The boundary conditions at the center is due to symmetry. Since the solution is symmetric above the plane [math]\displaystyle{ y=0 }[/math], it is enough to describe only half of the flow, say for [math]\displaystyle{ y\gt 0 }[/math]. If we look for [math]\displaystyle{ v }[/math] a solution, that is independent of [math]\displaystyle{ x }[/math], the continuity equation dictates that the horizontal velocity [math]\displaystyle{ u }[/math] can at most be a linear function of [math]\displaystyle{ x }[/math].^[3] Therefore, Berman introduced the following form,

[math]\displaystyle{ \eta = \frac{y}{h}, \quad \psi(x,\eta) = [h\bar u_o-xV]f(\eta), \quad u = \left(\bar u_o - \frac{Vx}{h}\right)f'(\eta), \quad v=V f(\eta) }[/math]

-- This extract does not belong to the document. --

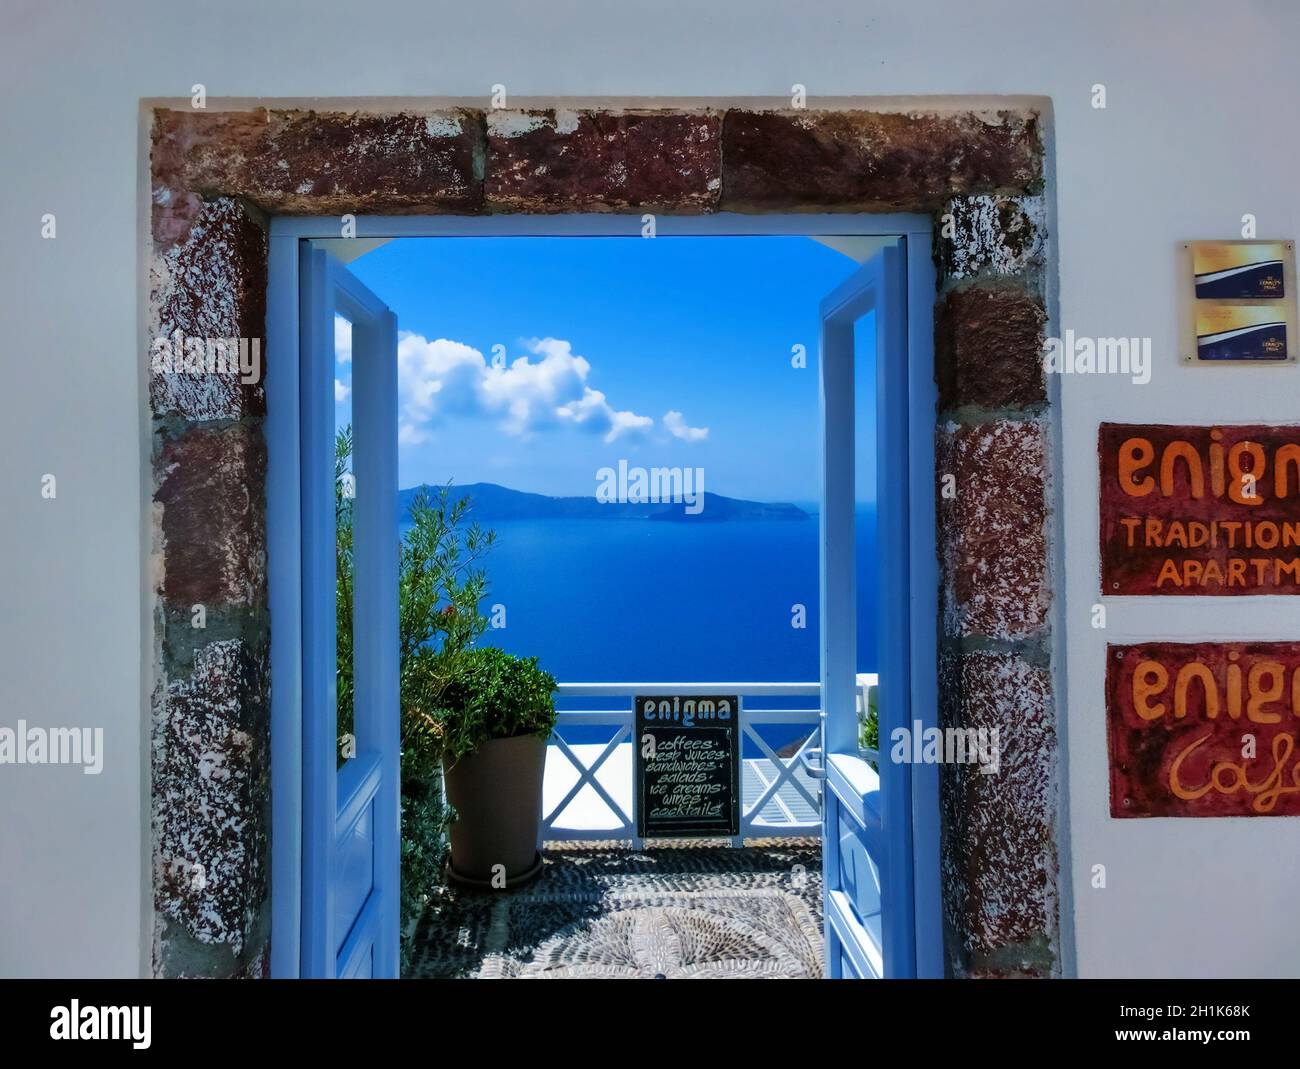 Fira, Griechenland - 10. Juni 2015: Der Eingang zum Enigma-Café auf Santorini, Griechenland am 10. Juni 2015. Es wird erwartet, dass bis zu 16 Millionen Touristen Griechenland besuchen werden Stockfoto
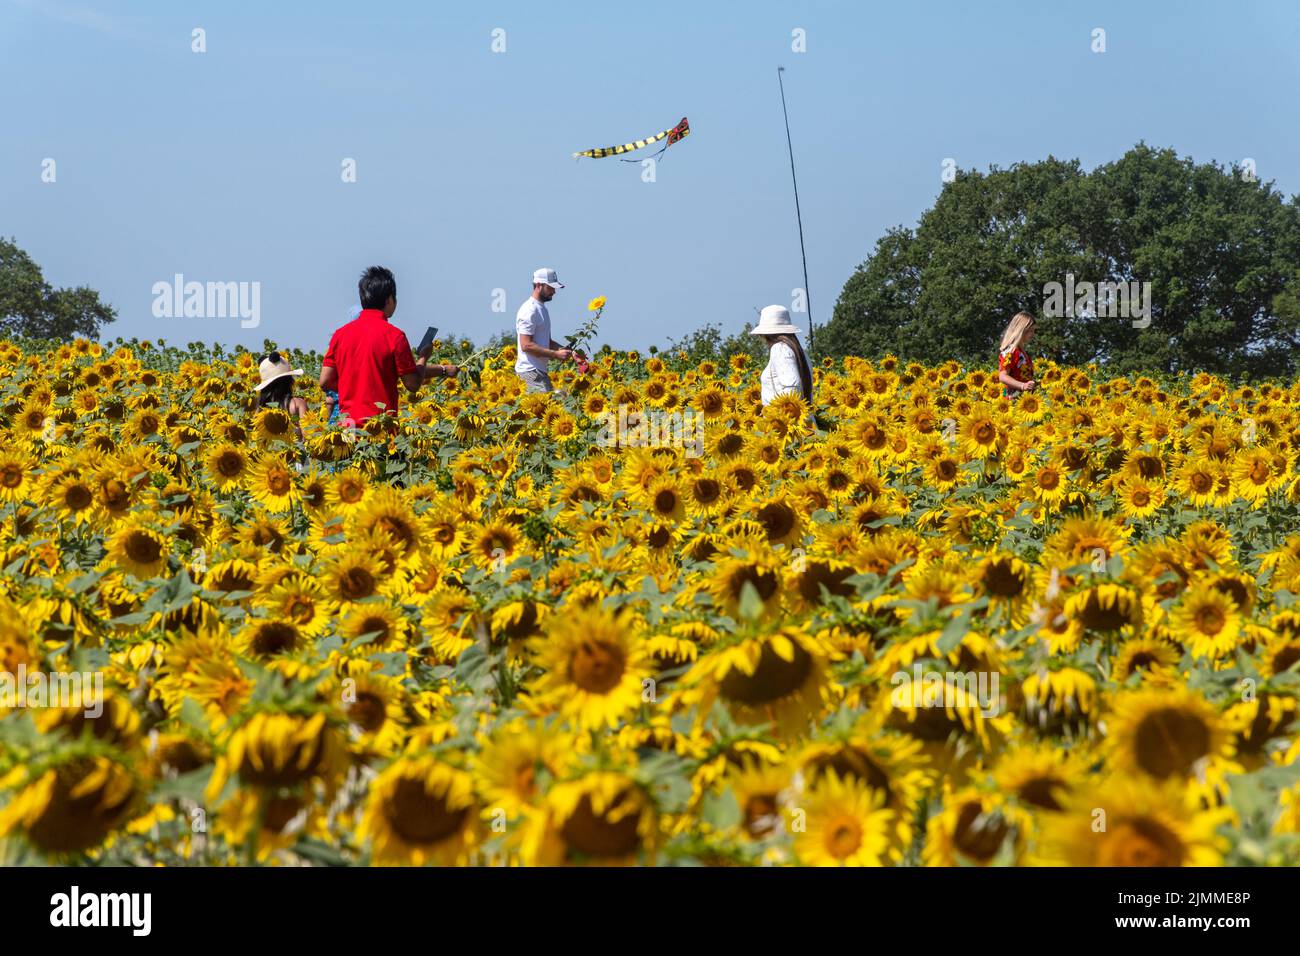 Champ de tournesols en août ou en été avec des personnes cueillant des fleurs, Hampshire, Angleterre, Royaume-Uni Banque D'Images

where [math]\displaystyle{ \bar u_0 }[/math] is the average value (averaged cross-sectionally) of [math]\displaystyle{ u }[/math] at [math]\displaystyle{ x=0 }[/math], that is to say

[math]\displaystyle{ \bar u_0 = \frac{1}{2}\int_{-1}^{1} u(0,\eta) d\eta=\frac{\bar u_0}{2} \int_{-1}^1f'(\eta) d\eta=\frac{\bar u_0}{2} [f(1)-f(-1)] = \bar u_0 }[/math]

This constant will be eliminated out of the problem and will have no influence on the solution. Substituting this into the momentum equation leads to

[math]\displaystyle{ \begin{align} - \frac{1}{\rho} \frac{\partial p}{\partial x} &= \left(\bar u_o - \frac{Vx}{h}\right) \left(-\frac{V}{h}[f'^2 - ff'']- \frac{\nu}{h^2}f''' \right), \\ - \frac{1}{\rho} \frac{\partial p}{\partial \eta} &= \nu \frac{dv}{d\eta} - \frac{\nu}{h} \frac{d^2 v}{d\eta^2} \end{align} }[/math]

Differentiating the second equation with respect to [math]\displaystyle{ x }[/math] gives [math]\displaystyle{ \partial^2 p/\partial x\partial\eta =0 }[/math] this can substituted into the first equation after taking the derivative with respect to [math]\displaystyle{ \eta }[/math] which leads to

[math]\displaystyle{ f^{iv} + \operatorname{Re} (f'^2 - ff'')'=0 }[/math]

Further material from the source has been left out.